Bahkan,tulisStevriLumintang:‘’…Theologia abu-abu (Pluralisme) yang kehadirannya seperti serigala berbulu domba, seolah-olah menawarkan teologi yang sempurna, karena itu teologi tersebut mempersalahkan semua rumusan Teologi Tradisional yang selama ini dianut dan sudah berakar dalam gereja. Namun sesungguhnya Pluralisme sedang menawarkan agama baru….’’25Dalam pandangan Islam, paham Pluralisme Agama jelas-jelas merupakan paham syirik modern, karena menganggap semua agama adalah benar. Padahal, Allah SWT telah menegaskan, bahwa hanya Islam agama yang benar dan diterima Allah SWT (QS 3:19); dan barangsiapa mencari agama selain Islam, maka tidak akan diterima oleh Allah dan di Hari Akhir nanti termasuk orang-orang yang merugi.
(QS 3: 85). Dosa syirik merupakan dosa besar, kezaliman besar, dan Allah sangat murka jika diserikatkan dengan yang lain. Allah, misalnya, sangat murka karena dituduh punya anak. (QS19:88-91).

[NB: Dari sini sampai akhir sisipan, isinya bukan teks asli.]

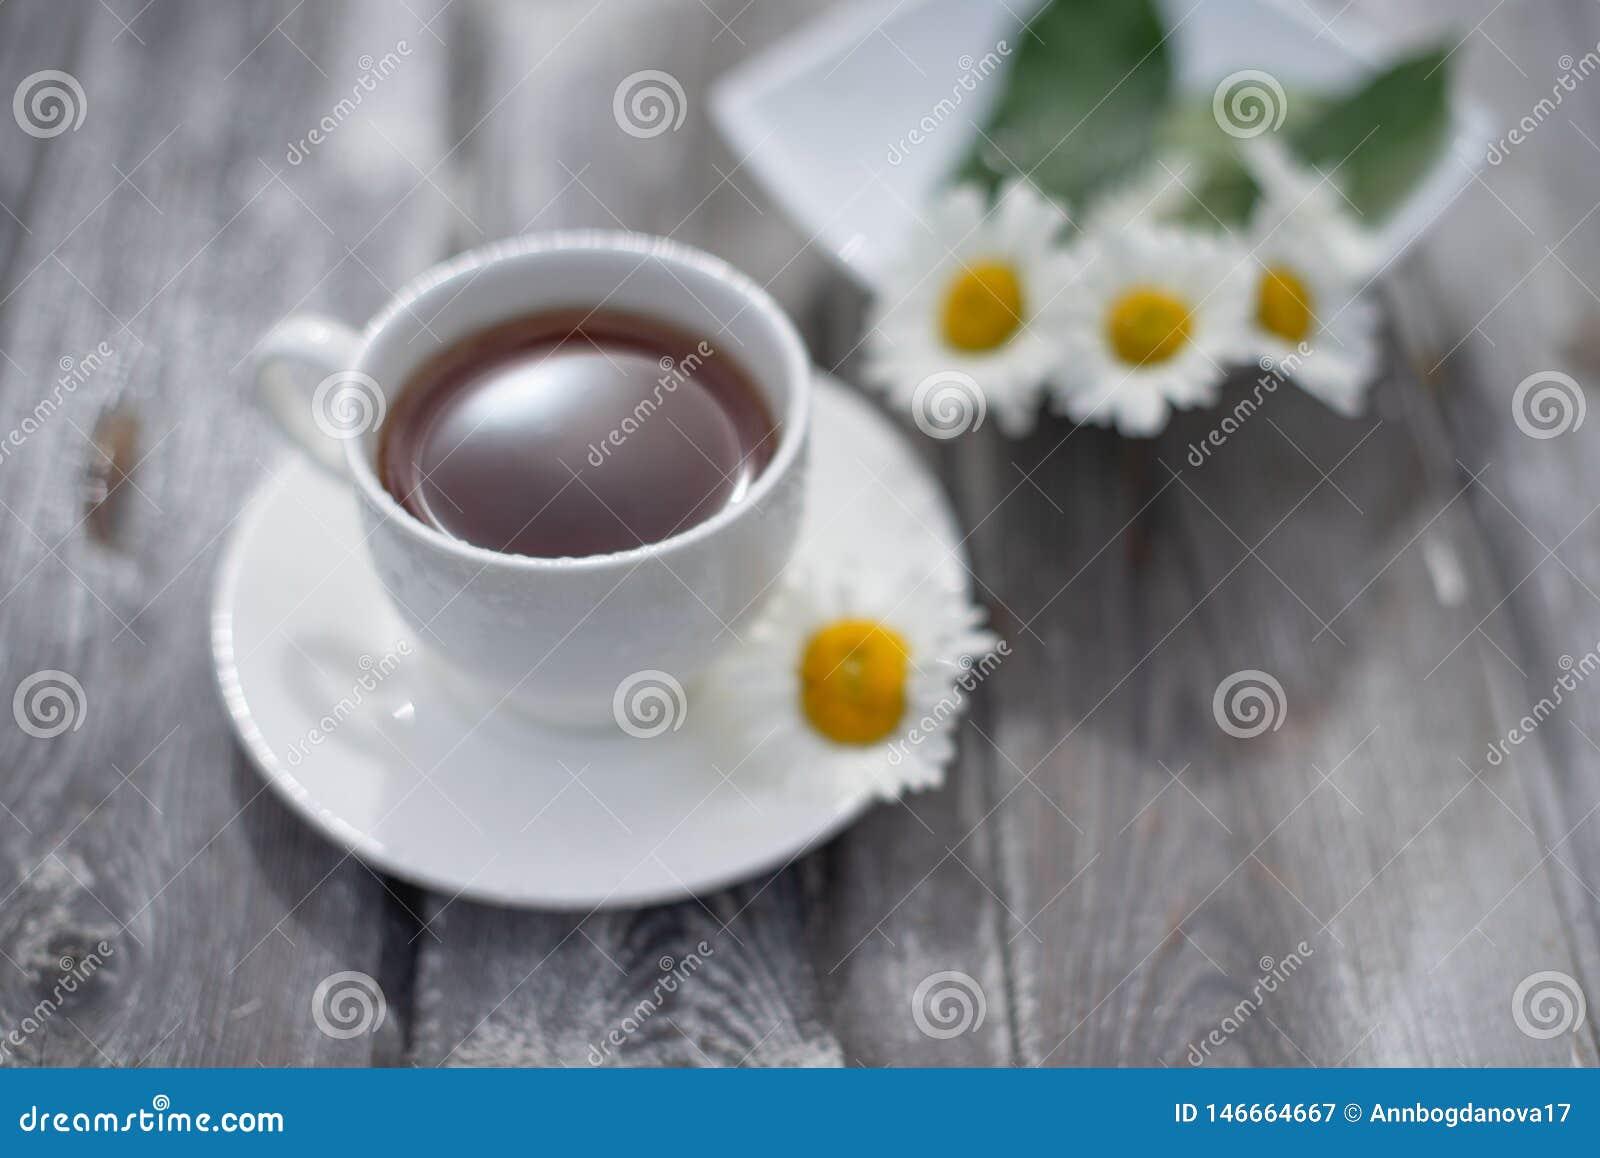 Th? dans une tasse blanche sur une table en bois Marguerites sur la table

Keyakinan akan kebenaran ad-Dinul Islam sebagai satu-satunya agama yang benar dan diridhai Allah, adalah konsep yang sangat mendasar dalam Islam. Karena itu, para cendekiawan dan ulama perlu menjadikan penanggulangan paham syirik modern ini sebagai perjuangan utama, agar jangan sampai 10 tahun lagi paham ini menguasai wacana pemikiran dan pendidikan Islam di Indonesia, sehingga akan lahir dosen-dosen, guru-guru agama, khatib, atau kyai yang mengajarkan paham persamaan agama ini kepada anak didik dan masyarakat.